REQUIRED WORK:
The output should contain the listing word for word and no pictures.

SOURCE DATA:
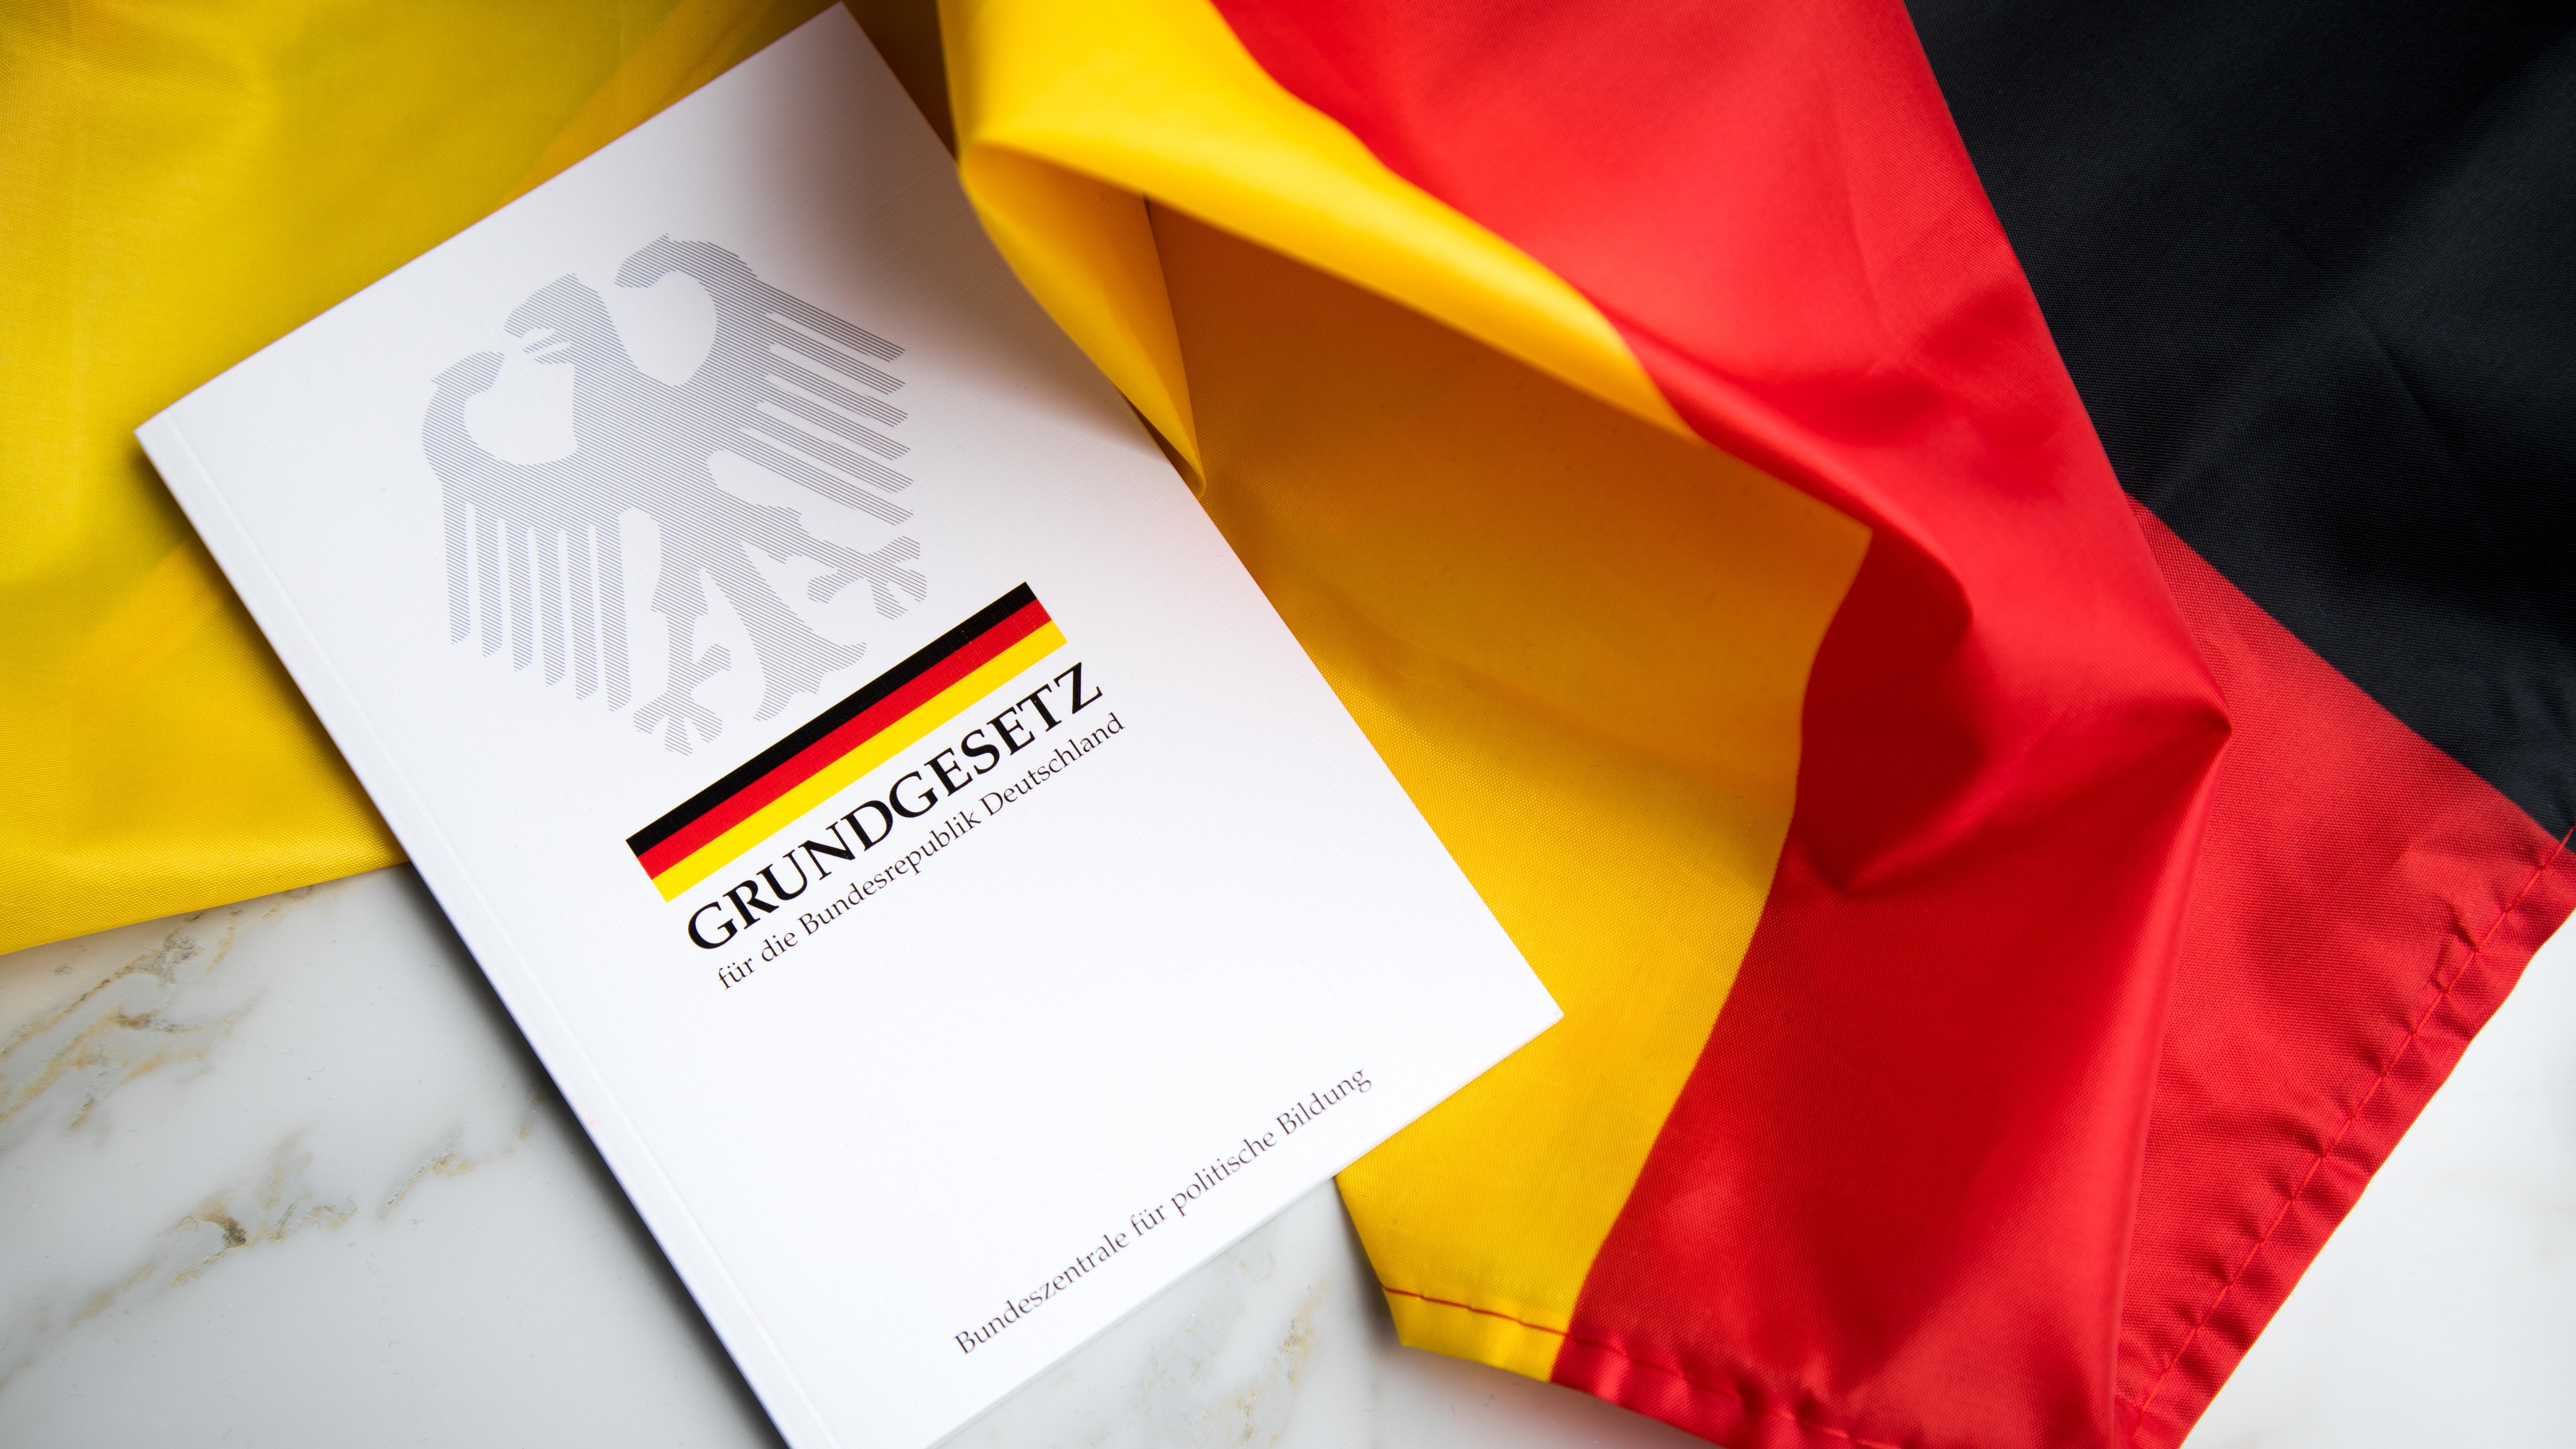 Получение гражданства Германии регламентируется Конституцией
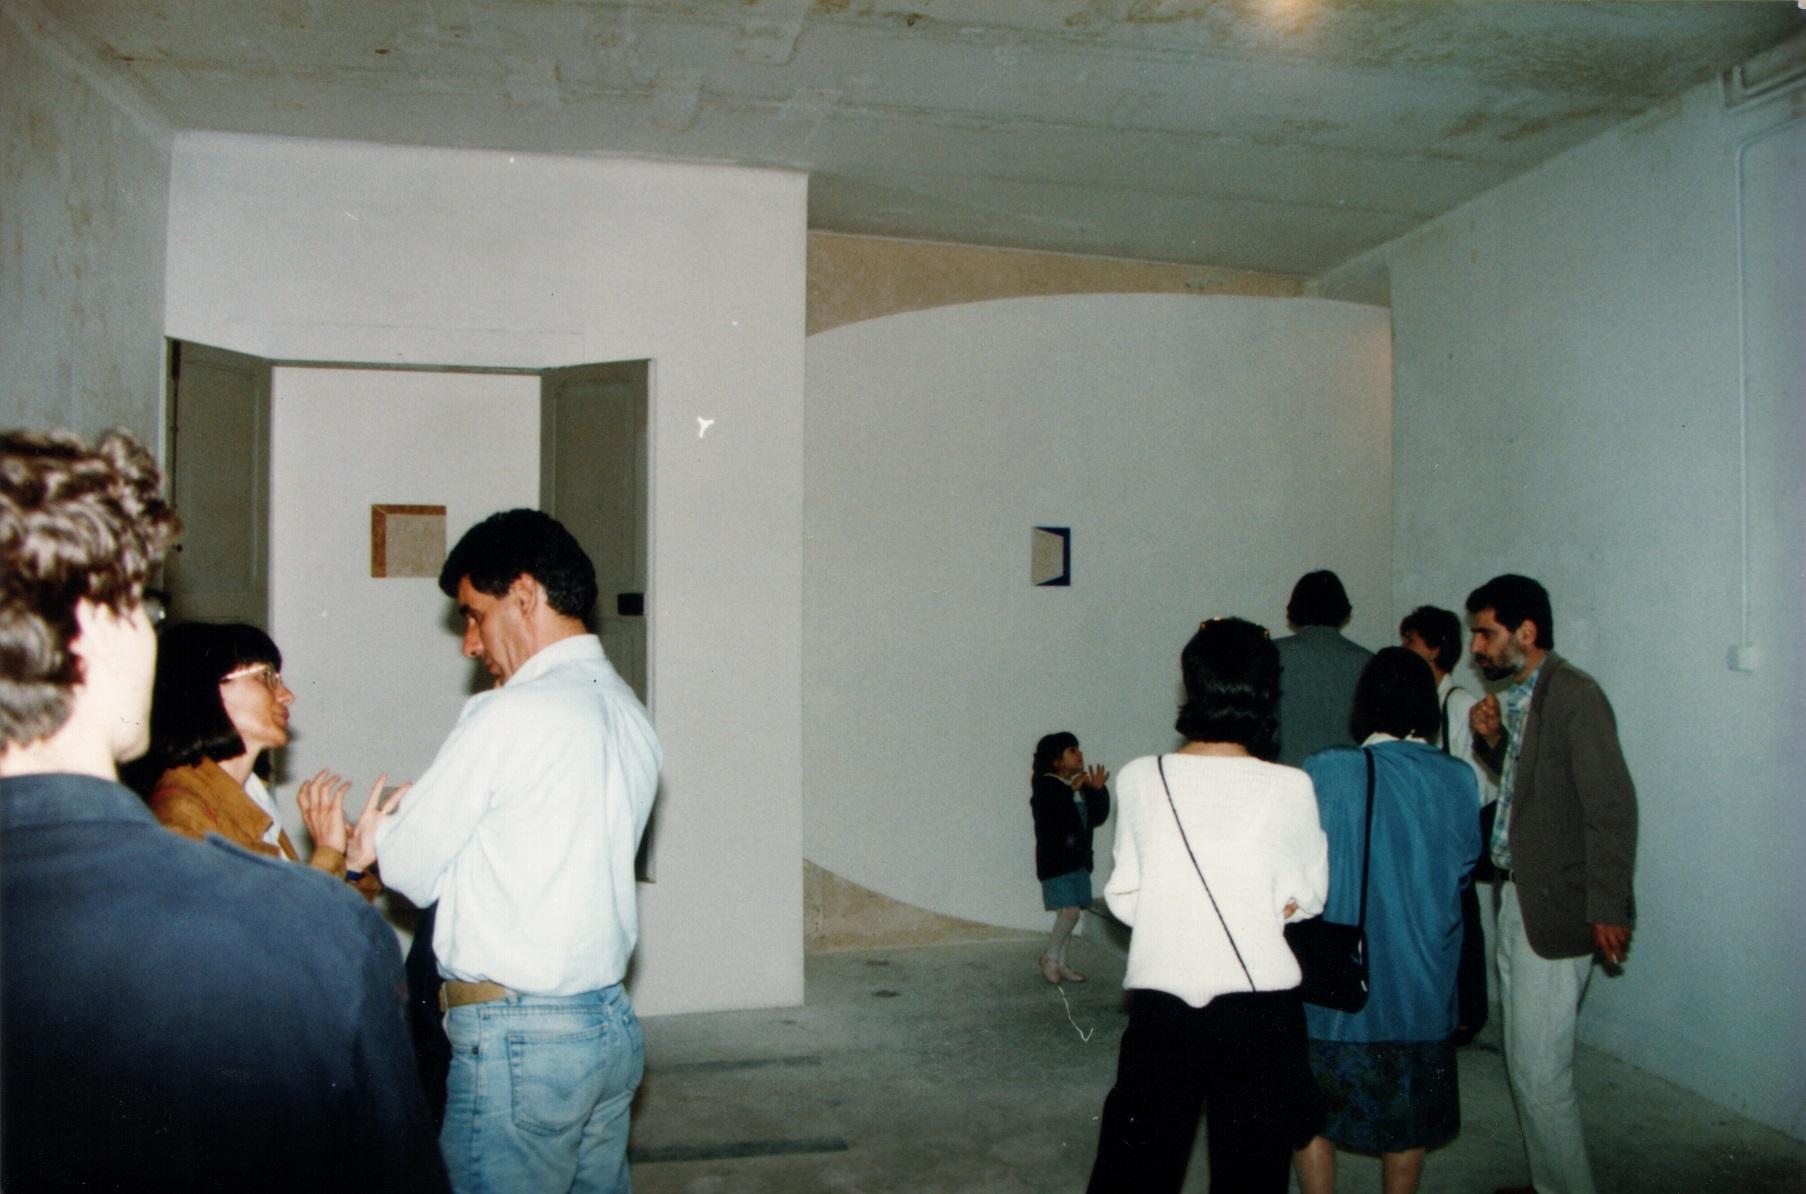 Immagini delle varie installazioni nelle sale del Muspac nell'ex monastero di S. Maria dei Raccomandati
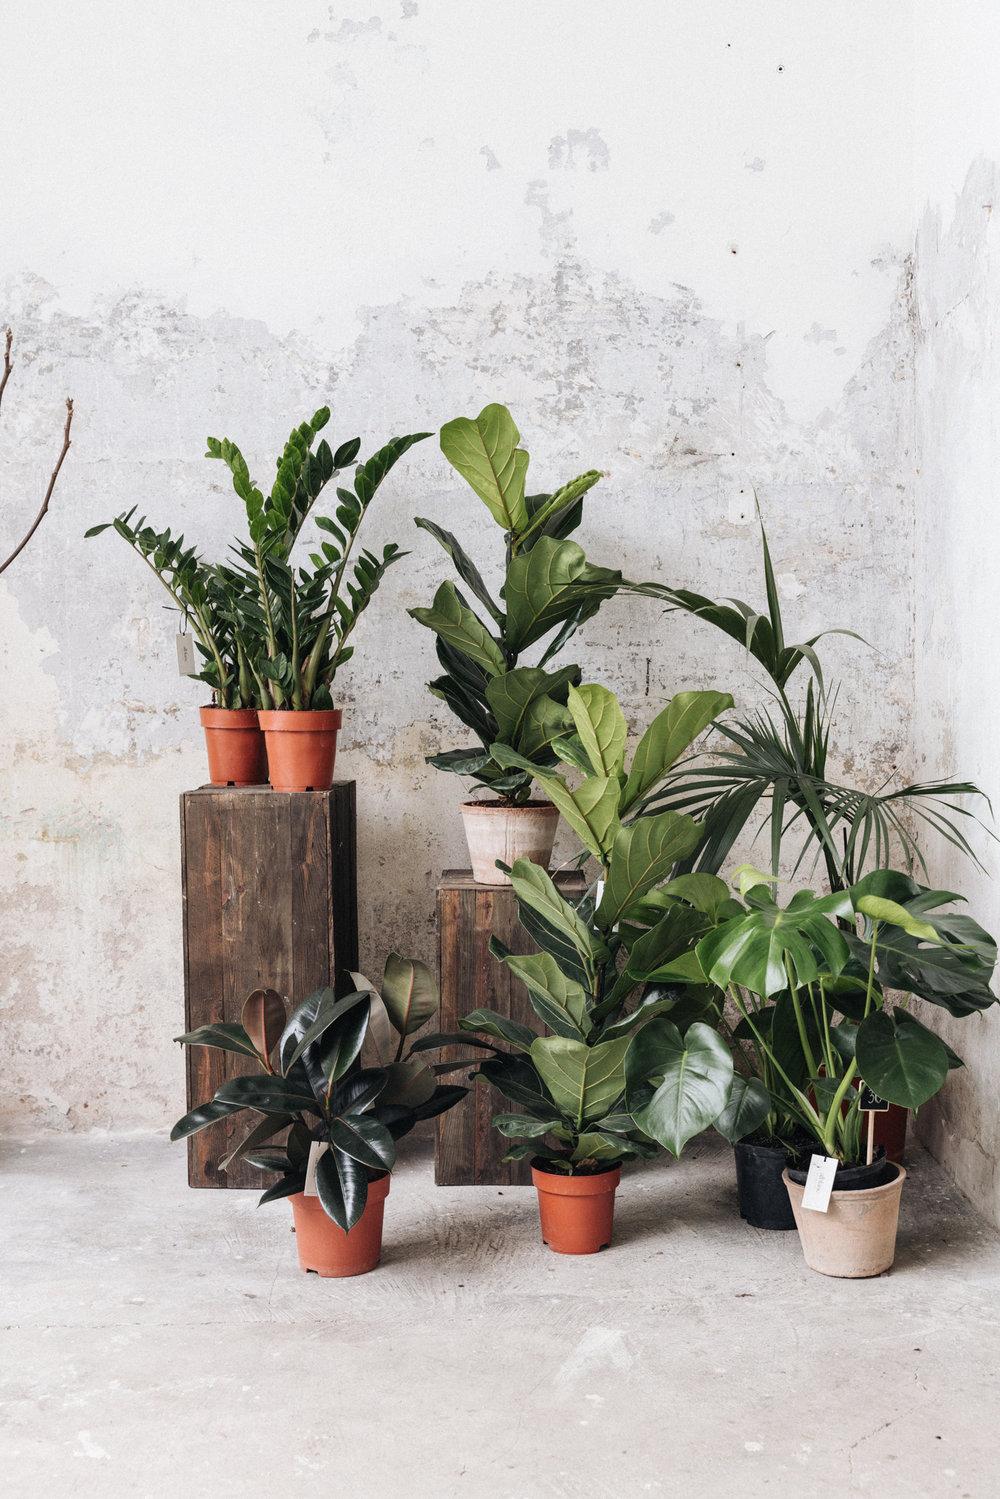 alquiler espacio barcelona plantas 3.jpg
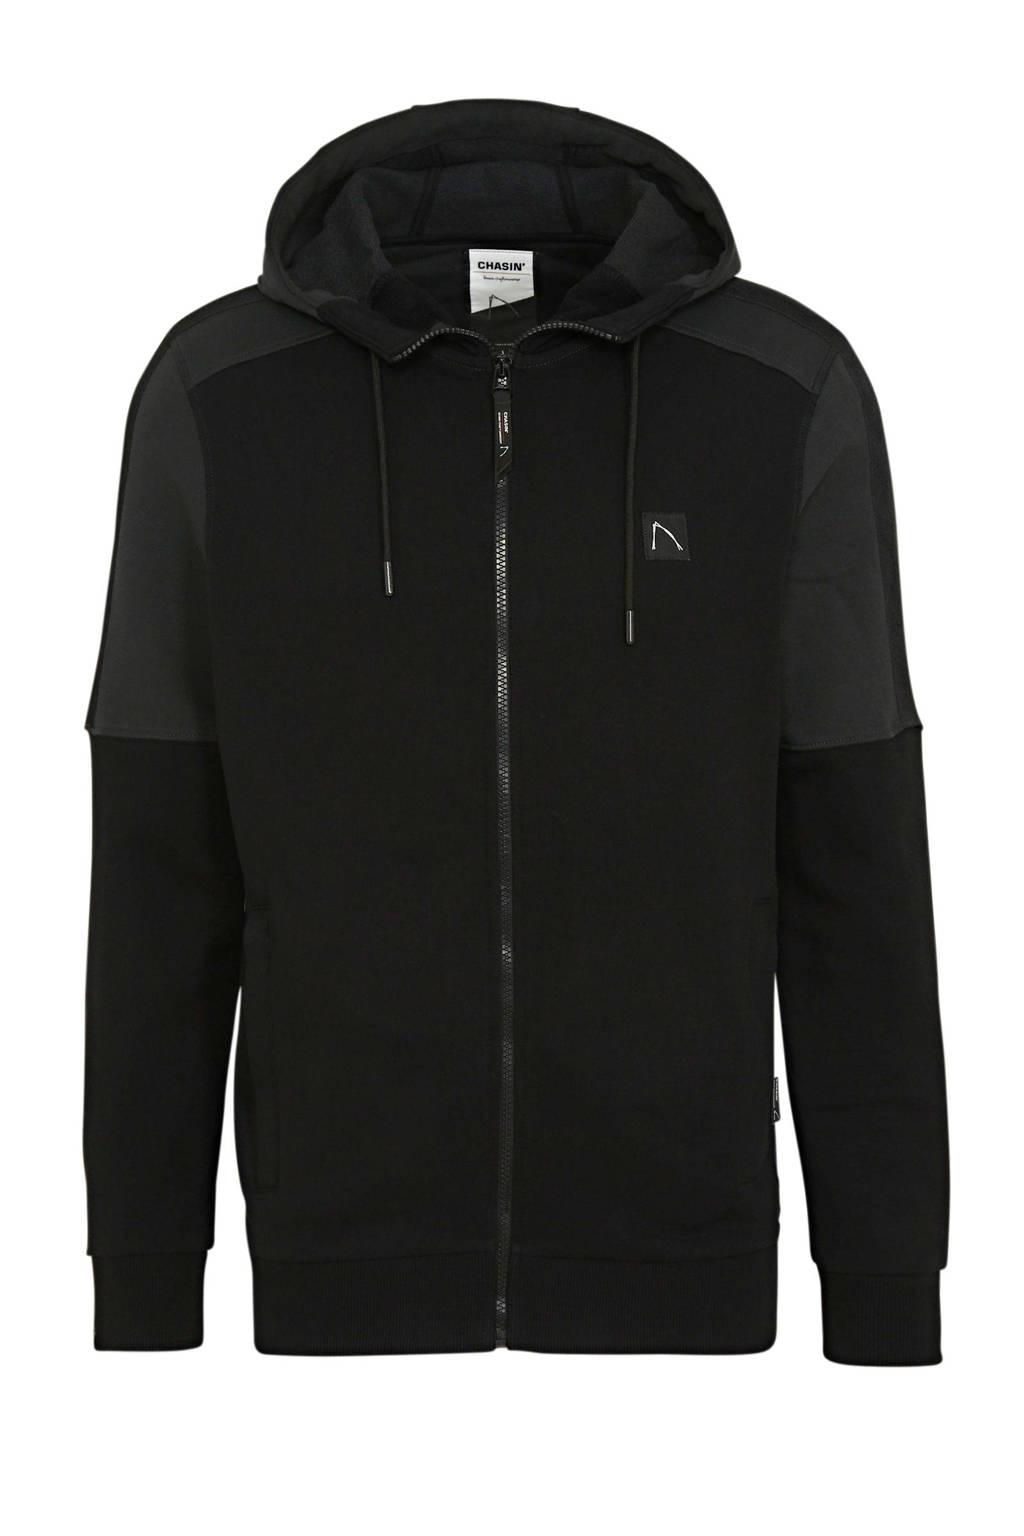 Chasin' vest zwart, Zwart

THE ANSWER:
 Получение гражданства Германии регламентируется Конституцией
 Immagini delle varie installazioni nelle sale del Muspac nell'ex monastero di S. Maria dei Raccomandati
 alquiler espacio barcelona plantas 3.jpg
 Chasin' vest zwart, Zwart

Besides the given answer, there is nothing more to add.